Who’s Overprotected? Street Conviviality

I sent a letter to the editor yesterday urging some new measures to improve pedestrian/cyclist/scooterist safety.  The occasion?  In one night, last Friday, three local people, one from each category, were killed when hit by a motorist.  And worst of all, all three motorists fled the scene, leaving the victims either laying in the roadway to be run over again, or laying off the road badly needing, but not getting, emergency assistance.  Two of the motorists were apprehended, due to great public diligence, and the third was known but was on the lam.

I made the point in that letter that the MADD approach — having the courts and police crack down a lot more — is already in place.  Cut, at least in the case of alcoholics, doesn’t seem to be a deterrent.  There are a lot of other driver infractions, less serious, that are also not being deterred by enforcement, primarily because 90% of police involvement is either after the collision, or in very contrived speed-traps, which must be away from truly urban driving conditions (intersections, pedestrians, merging driveways).

My suggestion was to get government to require all motor vehicles to have a device installed that would a) require the driver to identify him or herself (so those barred from driving would be stopped before getting the engine going), b) subject the driver to some kind of sobriety test, and c) track the driver through a GPS that would automatically detect infractions that would be subject to automatic fees (vs. fines that are much higher and subject to expensive due-process proceedings).  Such tracking would also move transportation planning from the medieval age of guess-work to one based on actual driver behaviour/demand.

I got to thinking, this morning, that there is another culprit: vehicle speed and design.  Because of private ownership of vehicles, in which each driver (pretty much) has his own vehicle, that vehicle has to be used for all kinds of trips, requiring this once-every-four-years-or-so purchase to meet an impossible list of varied trip requirements.  The result is a vehicle that is too large, fast, and ‘amenitied’ for the typical trip, but will meet each trip.  It’s like siting a new cottage: does it go just above the average water level, above the high-water mark for the previous year, or the high-water mark for the past 100 years?  Right.  It, like the car one buys, has to meet the most demanding conditions over its life (yes, the life of the car, not its period of ownership for the buyer, thanks to resale concerns).

So how does this get into overprotection?  Very simple.  Just as the car owner gets his car to have the qualities for all his thousands of different trips and ‘runs’ over a long period of time, so does the government get the occupants to benefit from supposedly high safety requirements.   The result is cars that protect passengers in a crash at highway speeds (a lot slower than the car, ironically, is capable of traveling).  This shell of metal and plastic might crumple strategically in a highway collision with another car of the same weight, but it is insufficient at both extremes: not enough if the other vehicle is either larger or going much faster, and overly rigid in a collision with something smaller and more delicate, like a human body, even at lower speeds legal in cities.

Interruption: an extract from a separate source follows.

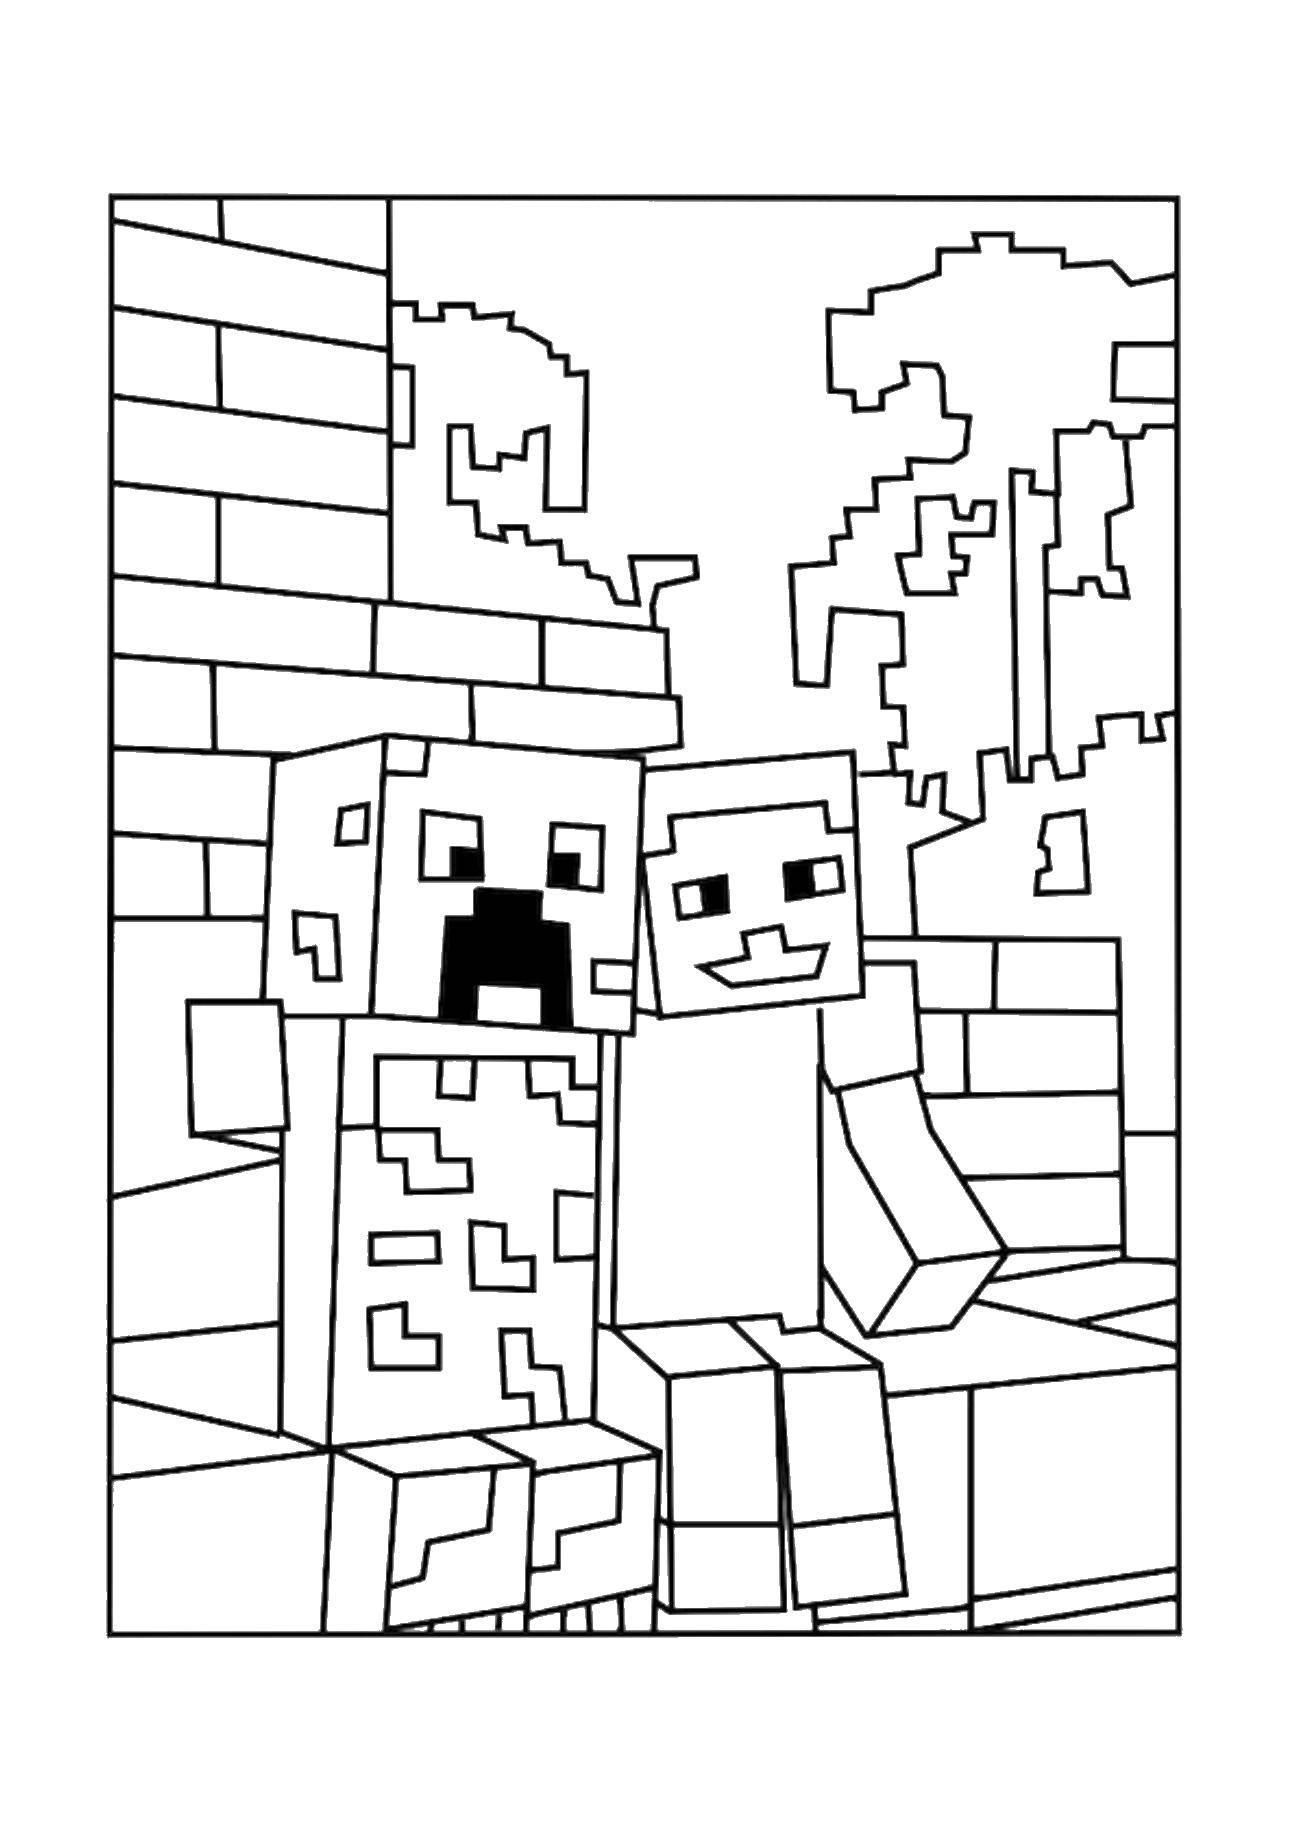 Coloring sheet minecraft Download cum, boy.  Print ,school,

In other words, the car you and I drive is a threat to the people in built-up areas it shares the road with.  The driver is overprotected.  The result?  Those who travel in the presence of these cars have to counter the car’s overprotection with their own: either they avoid using such ‘vulnerable’ modes of travel, they change their routes to favour streets with little traffic, or their time of travel to avoid the worst traffic conditions.  Or if they are under the care of others, they will have their freedom of movement infringed.  The result is that the elderly are either housebound, or driving after the age when their driving skills are iffy.  And kids today, most agree, are overprotected.  They are kept indoors and are not even allowed to play in the front yard.  It is so bad that, if a child is struck, the parents rather than the driver is the object of public disdain.  Kids are getting not only obese but also not on good terms with the natural world, human and otherwise, as they move about only strapped into a car or in the tight grasp of an adult.

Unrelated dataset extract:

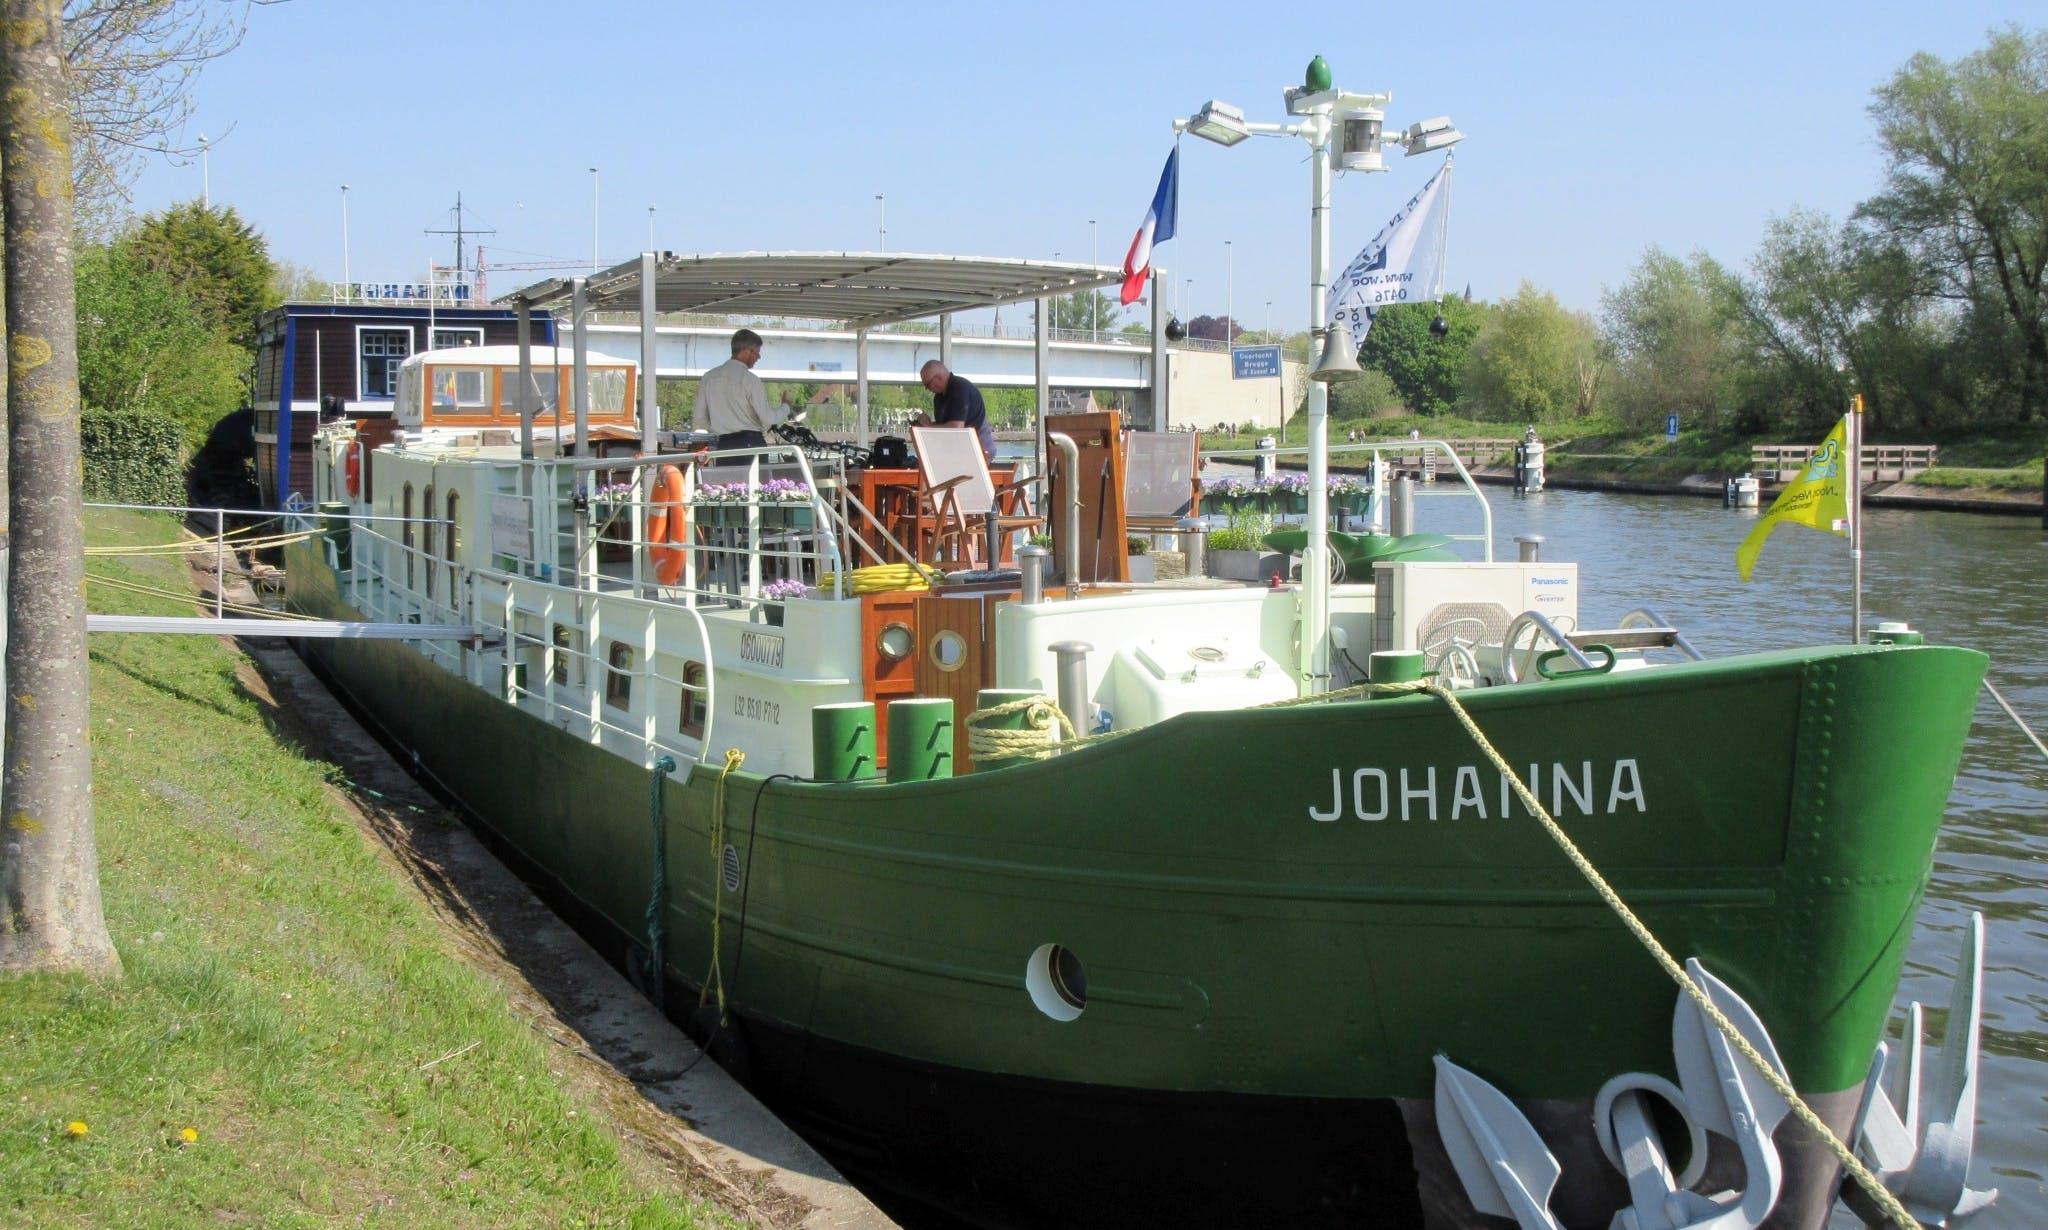 B&B Barge Johanna, Canal Boat in Brugge, Belgium

This calls for a world where cars are as shared as the roads, thanks to government licensing of carsharing organizations with vehicles that already have the driver-accountability devices installed and have a range of vehicles to better fit the variety of trip needs.  Such a scheme would create ideal conditions: city vehicles that are small, slow, and soft on the outside, as well as the inside; and drivers whose every move is recorded.  And with much more use of cars for ridesharing — thanks to both the car-tracking capability and much higher road/CO2/congestion fees that are coming — each driver will have several ‘back-seat drivers.’

The car isn’t the problem; our binding of each car to a particular driver is.   It produces too many cars, too frequent use of cars for trips short enough for walking or bicycle, too fast driving (speed gives cars their value), drivers who are accountable, and streets that are not convivial or conform to the city-purpose: “commerce without commotion.”